Добрую половину лета 1946 года отец валил деревья. Началось все с того, что их сосед, старый Ларсен, в разговоре с дедом однажды помянул старые деревья, которые во множестве гибнут на его земле. Тогда отец предложил купить часть как древостой, на сруб.

На следующее утро мы встретились, чтобы пометить мои деревья. Это были могучие древние великаны, вымахавшие так, что от земли до первой ветки кроны было метров двенадцать, не меньше. Дубы шли по четыре доллара за штуку. У лип древесина помягче, их отдавали дешевле, по три доллара. Лесорубу летом приходится несладко. В лесу стоит липкая жара, ни ветерка, зато комаров и гнуса хоть отбавляй. Мое снаряжение представляло собой одноручную пилу, топор, киянку и несколько железных клиньев. Я все делал сам, решив прибегнуть к помощи отца и Фредрика лишь в самом крайнем случае. У меня накопилось такое количество сил, что их надо было куда-то выплескивать, поэтому я упоенно работал в одиночку. Помню, с каким наслаждением я, чуть живой от усталости, валился вечером на кровать. Теперь я знаю, что лучшее средство от хандры – это одноручная пила. В отличие от двуручной, пильщик тут и тянет полотно на себя, и толкает от себя, и все сам-один.

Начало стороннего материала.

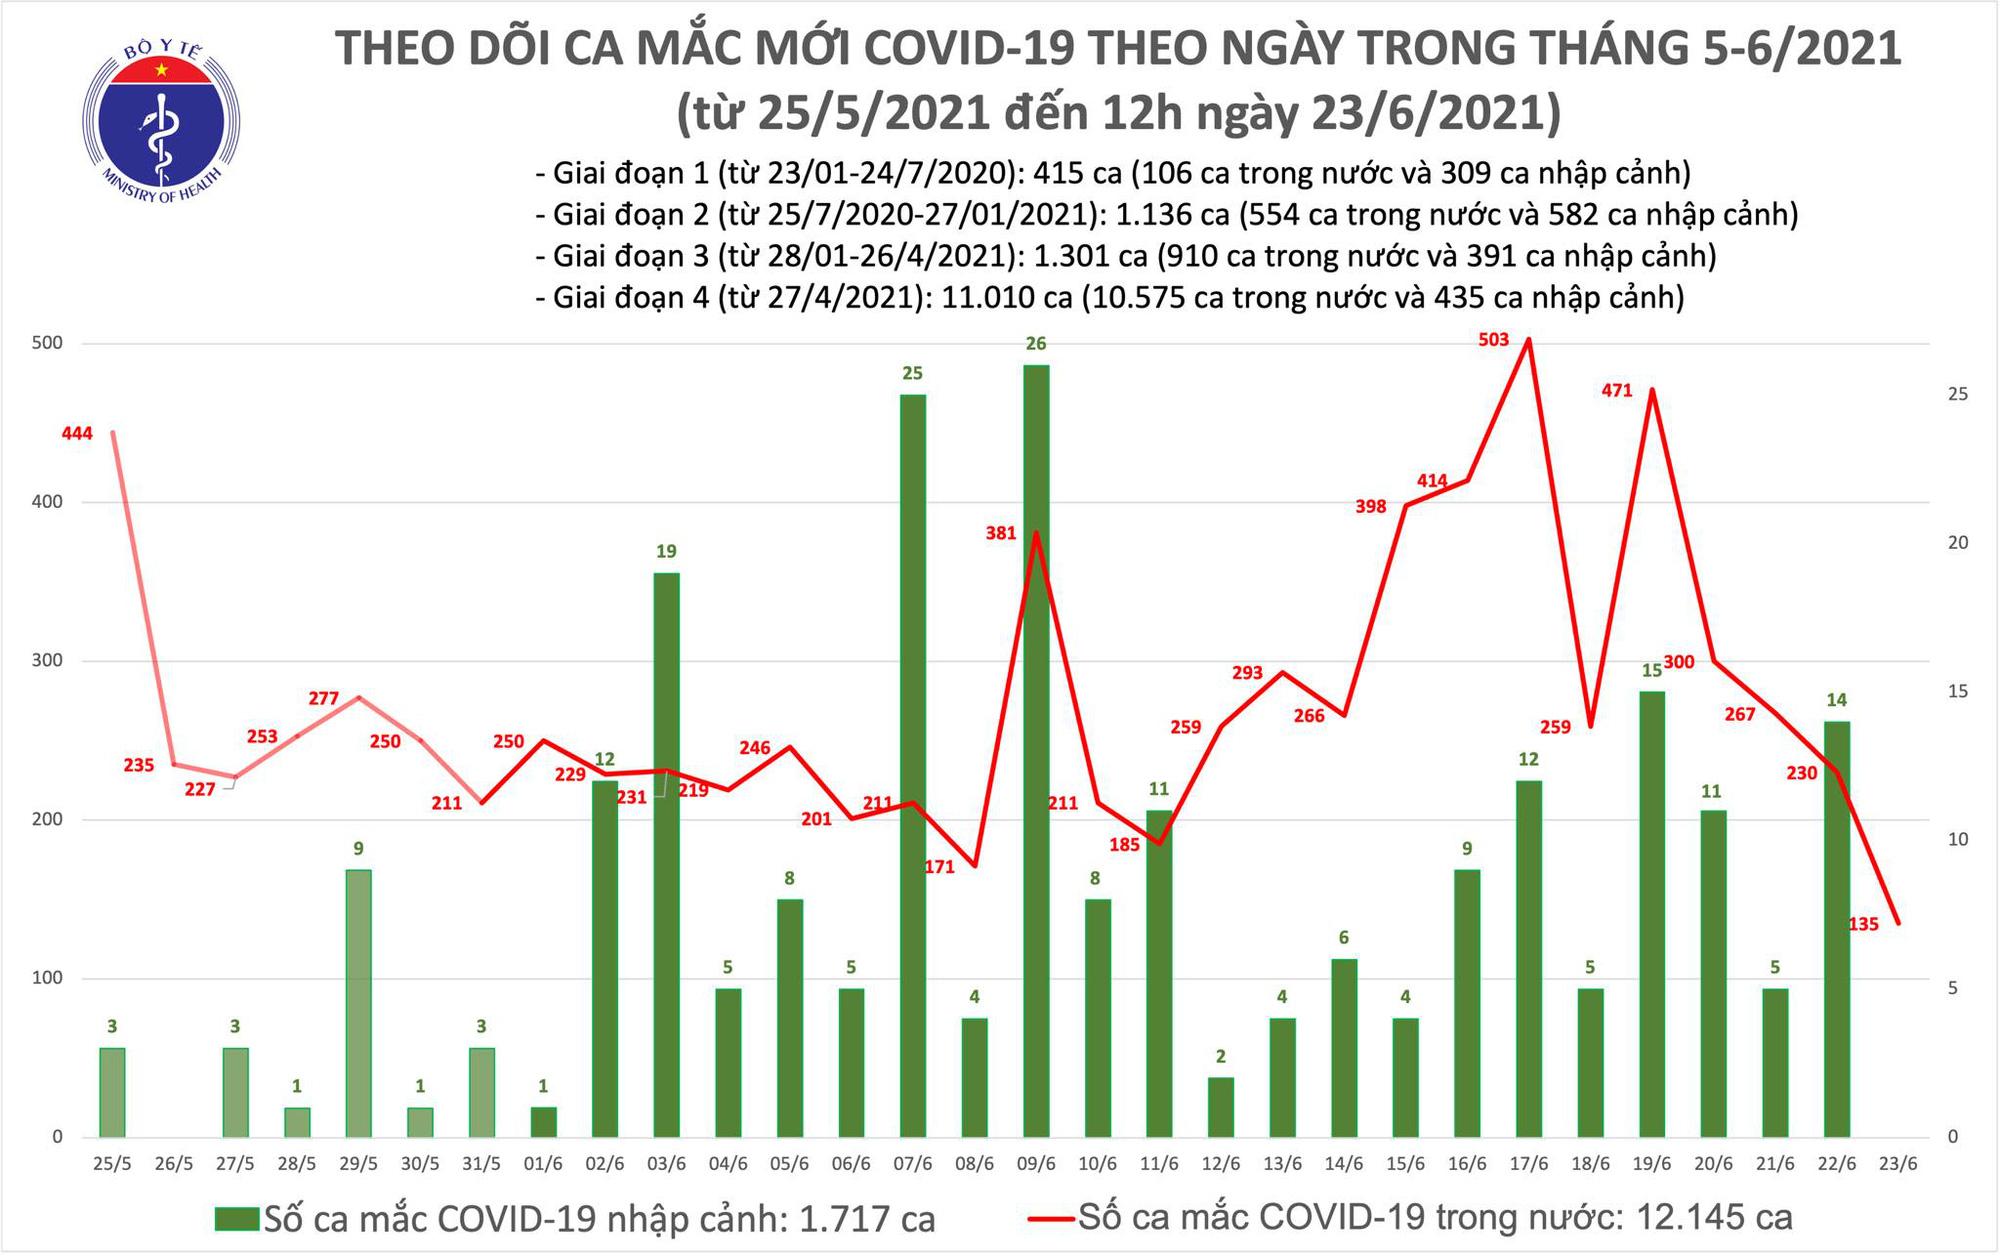 Diễn biến dịch ngày 23/6: Số ca mắc COVID-19 trong ngày tiếp tục giảm, có thêm 138 bệnh nhân ra viện  - Ảnh 14.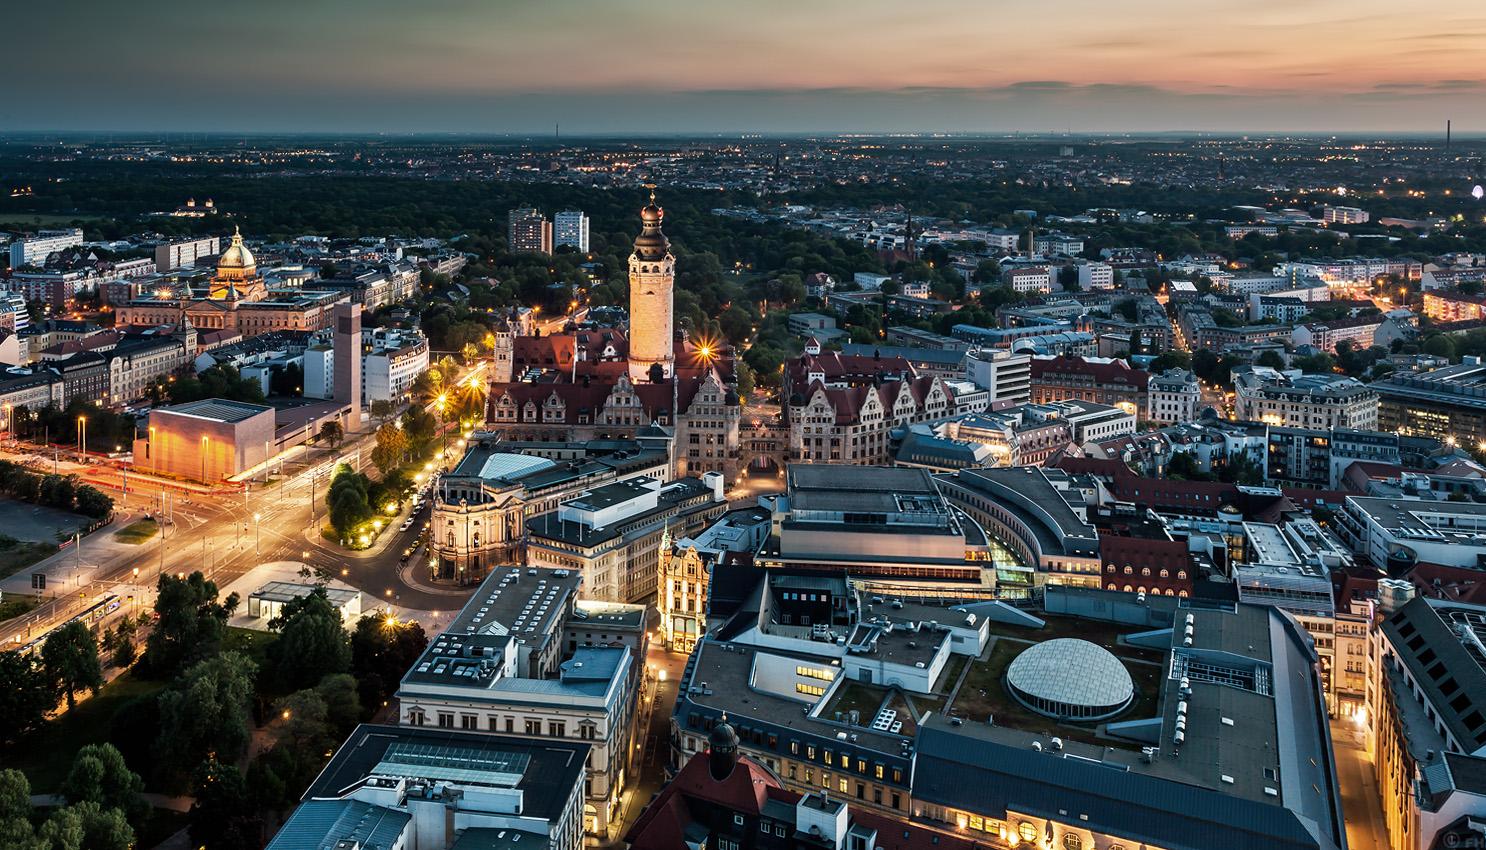 fhmedien.de | Leipzig, von oben, Innenstadt, Bahnhof

Я до сих пор чувствую, как отец стоит за мной, держа мои руки, в которых зажат топор, в своих. Мы вместе поднимаем топор и одним махом опускаем его точно на полено, так что лезвие рассекает его вдоль волокон на две равные половины. Со временем я научился колоть дрова самостоятельно, отец только присматривал. Руки быстро начинали болеть, тело наливалось усталостью, но я никогда ему про это не говорил. Он был прав, было какое-то неизъяснимое удовольствие в том, чтобы ударить как надо и с первого раза развалить полено надвое. Я, как сейчас, вижу: отец стоит, подбоченясь, в рубашке с закатанными рукавами, по лицу течет пот, а сам с довольной улыбкой оглядывает высоченную поленницу:

– Красотища, Эрик, верно? Кра-со-ти-ща!

В лесной чаще отставной сержант надрывался-корячился со своей одноручной пилой. Он врубался, вгрызался в кору умирающих деревьев, этих вздымавшихся к небу соперников, которых пытался переиграть. Правила игры диктовались душевной потребностью. Он знать не знал, что ему делать с этим древостоем. Валить вековые дубы и липы требовала не жизненная необходимость, это была не работа, а экзорцизм, изгнание бесов. По словам дяди Фредрика, отец тогда во сне пробил кулаками потолок у себя над кроватью. Только после этого Фредрик догадался, через что старшему брату пришлось пройти на фронте. Подробностей я не знаю, но подозреваю, что бесам, терзавшим отца, имя было легион. Кого-то из них он привез с войны, но были и другие. После того как ему удалось убедить недоумка психиатра из призывной медкомиссии, что он испытывает интерес к девушкам, он был почти уверен, что отроческие бесы навсегда остались в прошлом. Очевидно, на старом месте, при виде жалкого домишки и покосившегося пустого амбара, при виде того, о чем говорилось «тут, у нас дома», они снова захотели крови.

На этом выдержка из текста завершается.